Exercise description: What you return should be every line below, word for word, and none of the images.

Input data:
^^^^

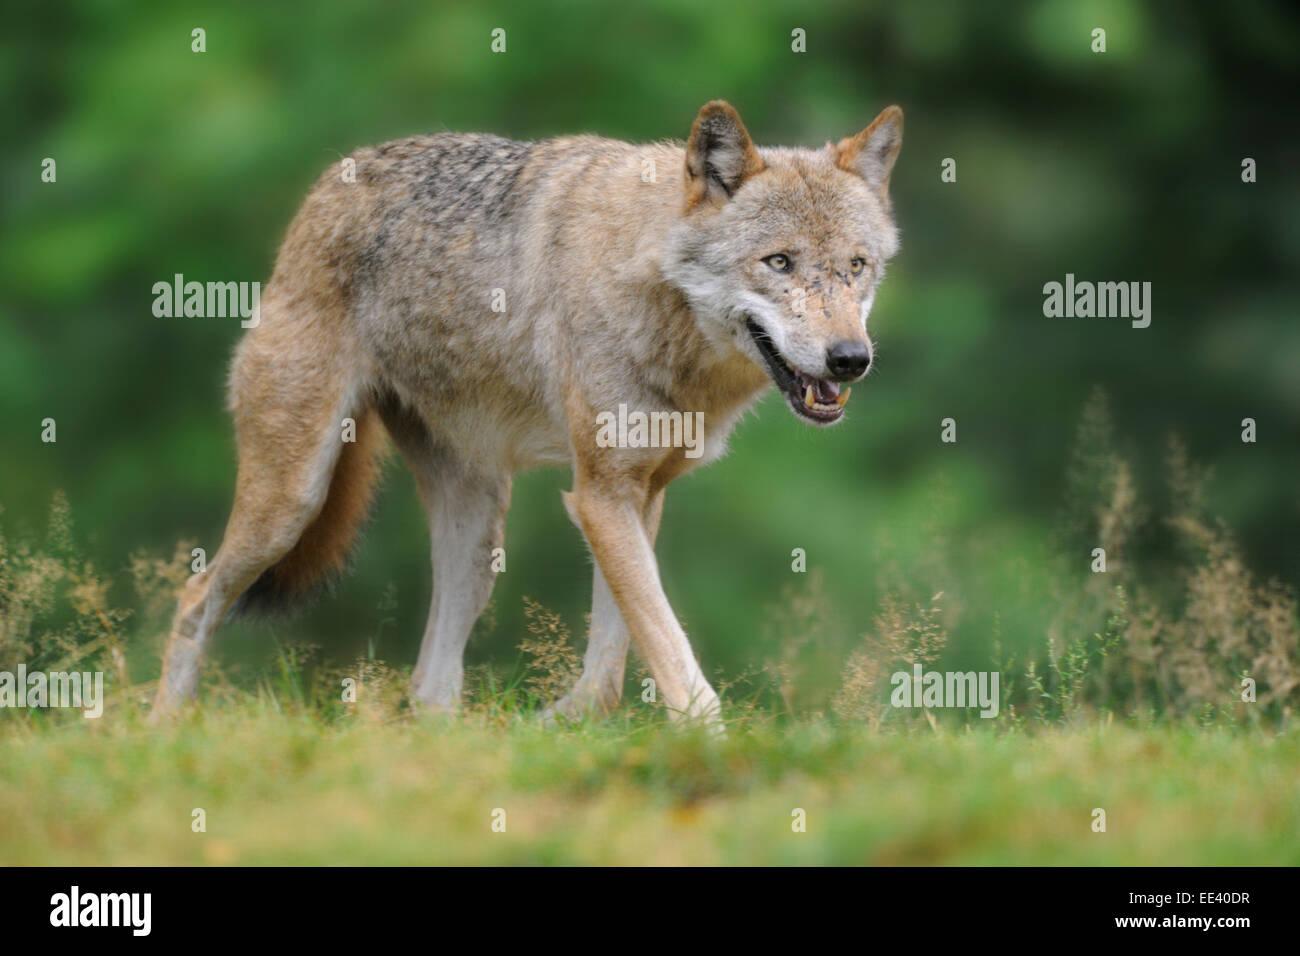 Eurasian wolf [Canis lupus lupus] - Stock Image
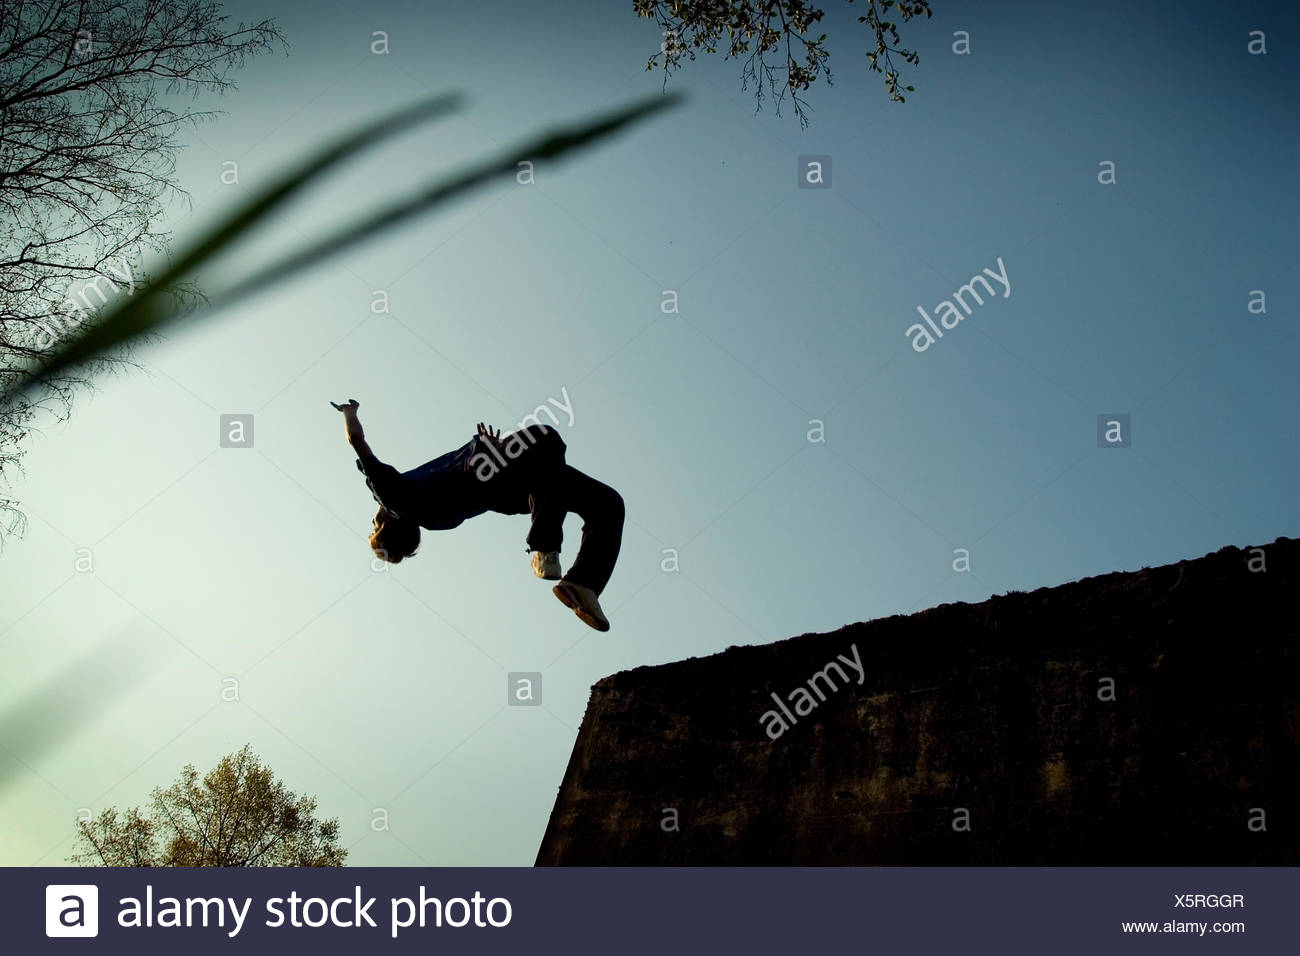 jump,parkour,somersault - Stock Image
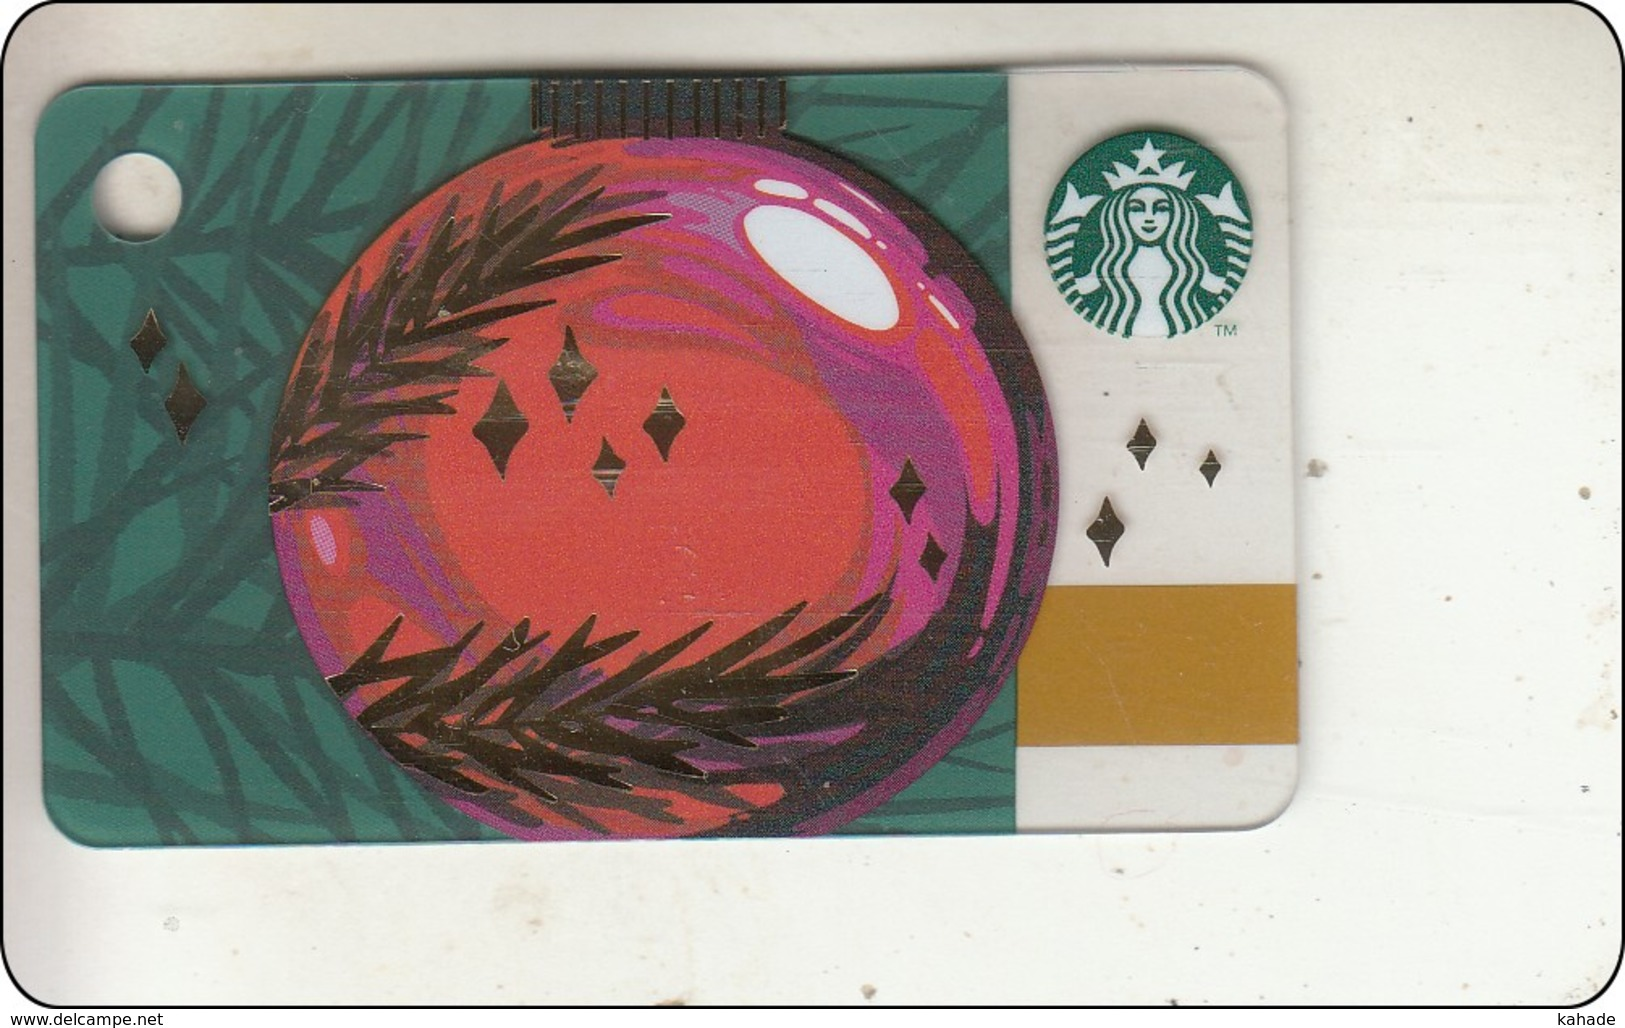 Thailand Starbucks Card Christmas Ball Mini 2018 - 6156 - Gift Cards
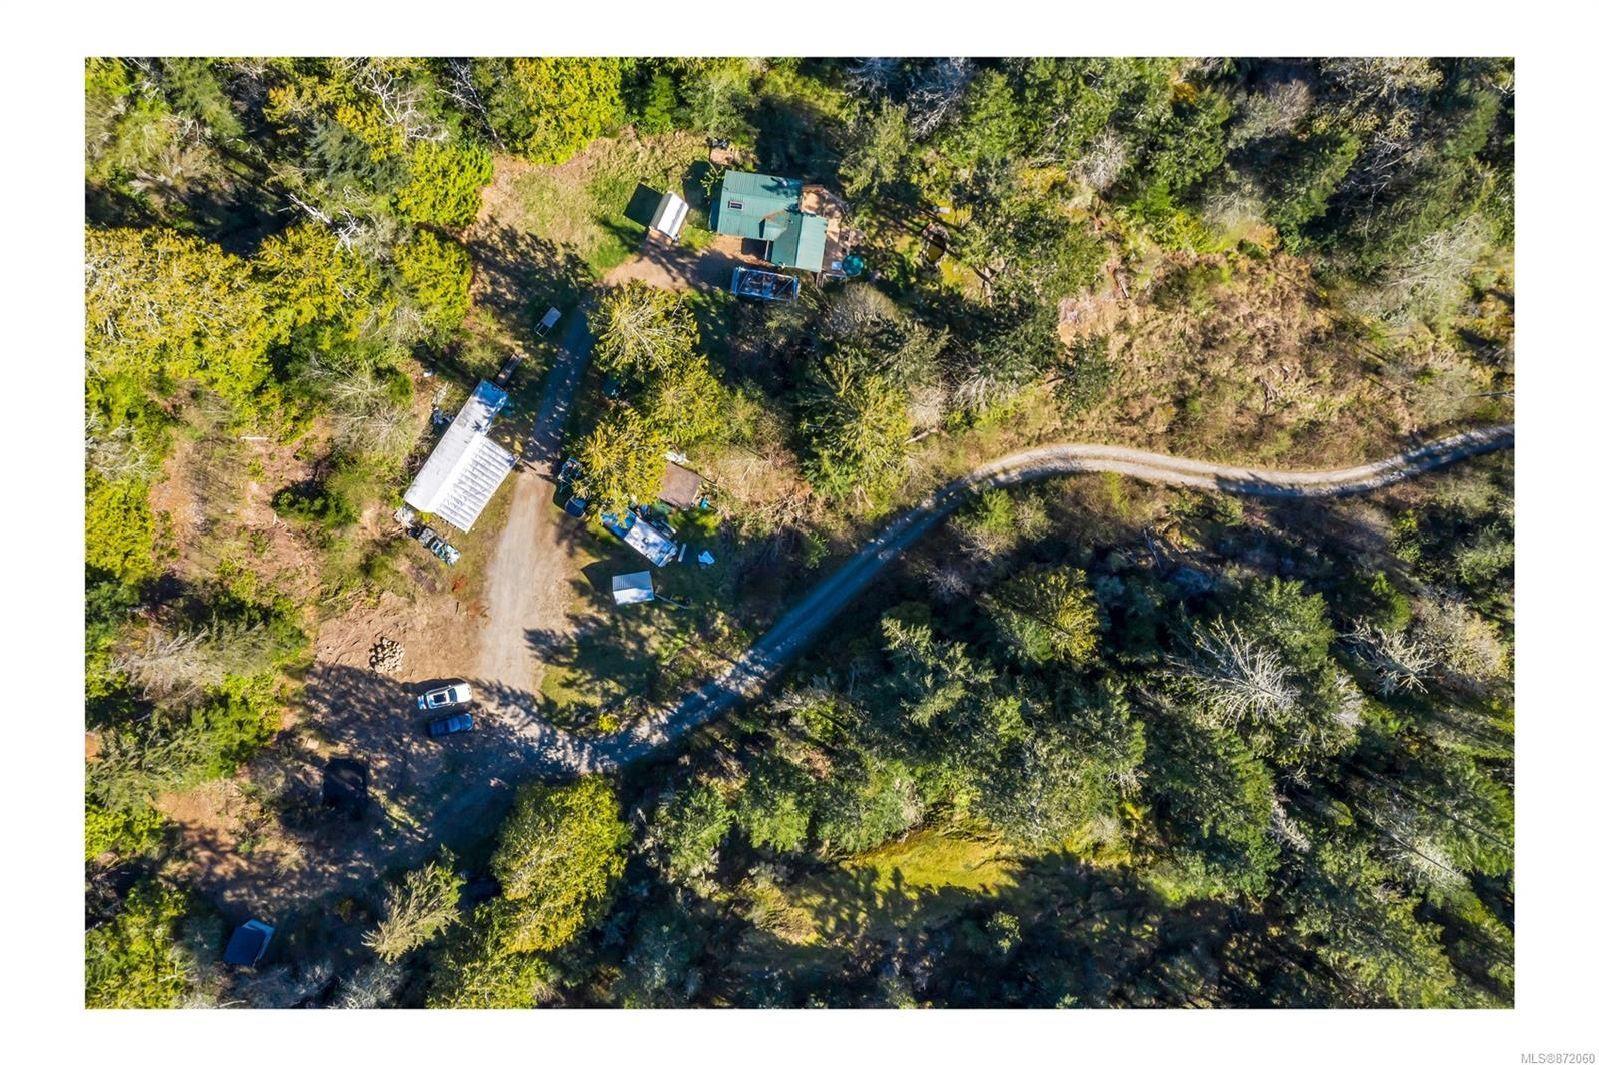 Main Photo: 6787 East Sooke Rd in : Sk East Sooke Land for sale (Sooke)  : MLS®# 872060

^^^^

Solution:
 Eurasian wolf [Canis lupus lupus] - Stock Image
 jump,parkour,somersault - Stock Image
 Thailand Starbucks Card Christmas Ball Mini 2018 - 6156 - Gift Cards
 Main Photo: 6787 East Sooke Rd in : Sk East Sooke Land for sale (Sooke)  : MLS®# 872060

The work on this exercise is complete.